Against the chancellor’s measured “pragmatic” approach, other Conservatives have sounded distinctly unworldly and dogmatic. The foreign secretary, Jeremy Hunt, set the tone at the weekend, complaining, in a strange intervention, that the European Union risks turning itself into a Soviet prison. Dominic Raab, the secretary of state for leaving the EU, painted the negotiations with Michel Barnier in similarly combative terms: “I find it hard to believe that they would, for narrow political ends, seek to punish Britain in such a crass and counterproductive way.”
These are mere debating points.
It seems to have escaped most of Her Majesty’s ministers that Britain is soon to become a “third party” for the EU, and its relative strength in wrenching concessions out the EU is entirely conditioned by the relative size of the two parties. The 27 remaining members of the EU have a GDP and population roughly 10 times that of the UK. The vast majority of their trade is with each other. They cherish the single market and customs union. They fail to see, as they have consistently said, why one ex-member of the EU should benefit from all of these economic advantages and benefits while opting out of freedom of movement for workers. The EU, and Ireland, have the right to order their borders as they wish. It has nothing to do with spite or punishment.

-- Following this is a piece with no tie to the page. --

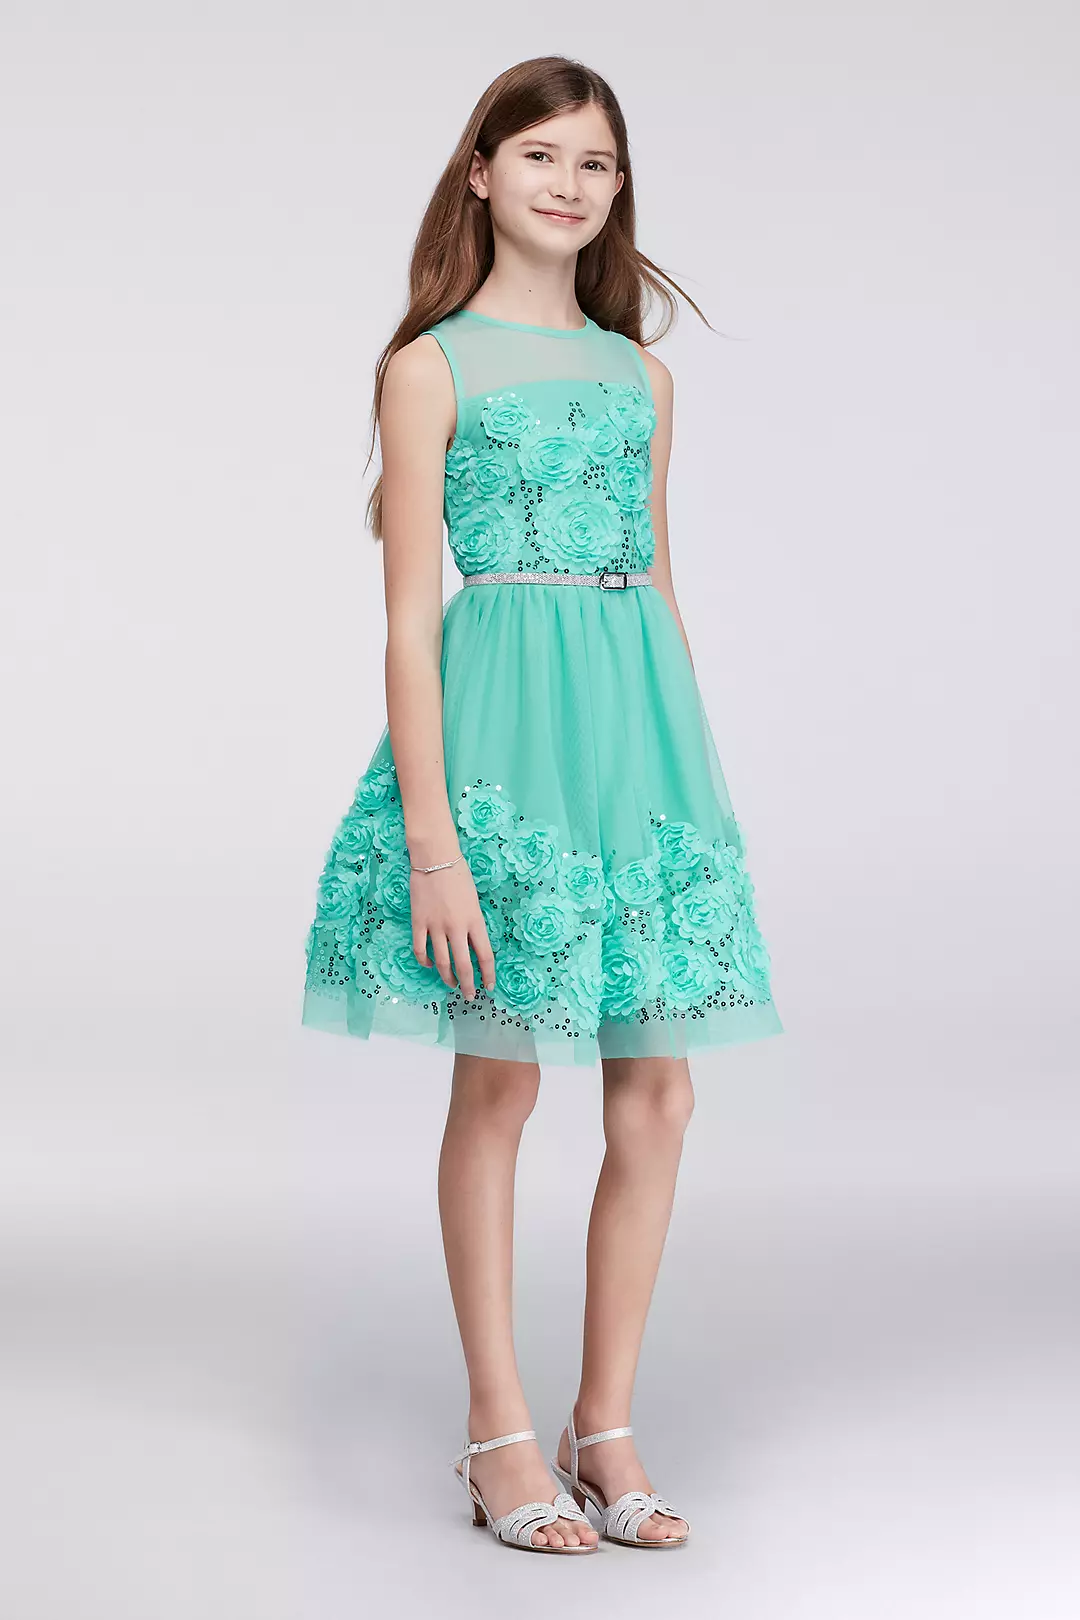 Chiffon Party Dress with 3-D Ribbon Flowers Image

Apart from her armed forces and some contributions to the budget – some at least anyway required under a moral and legal obligation to honour Treaty commitments – Britain has few cards to play. It is that, rather than some diabolical schemes hatched in Brussels, or the timidity of Theresa May, that accounts for the predicament the UK now finds itself in. These are the harsh realities behind diplomacy. Mr Hammond is too shrewd a politician to push those truths too far down the necks of his fellow Conservatives, but he would have done the country a favour if he said in public what he and the Treasury plainly think in private. As things stand we are left with his attempts to be visibly enthused by Brexit. It is not an entirely convincing act.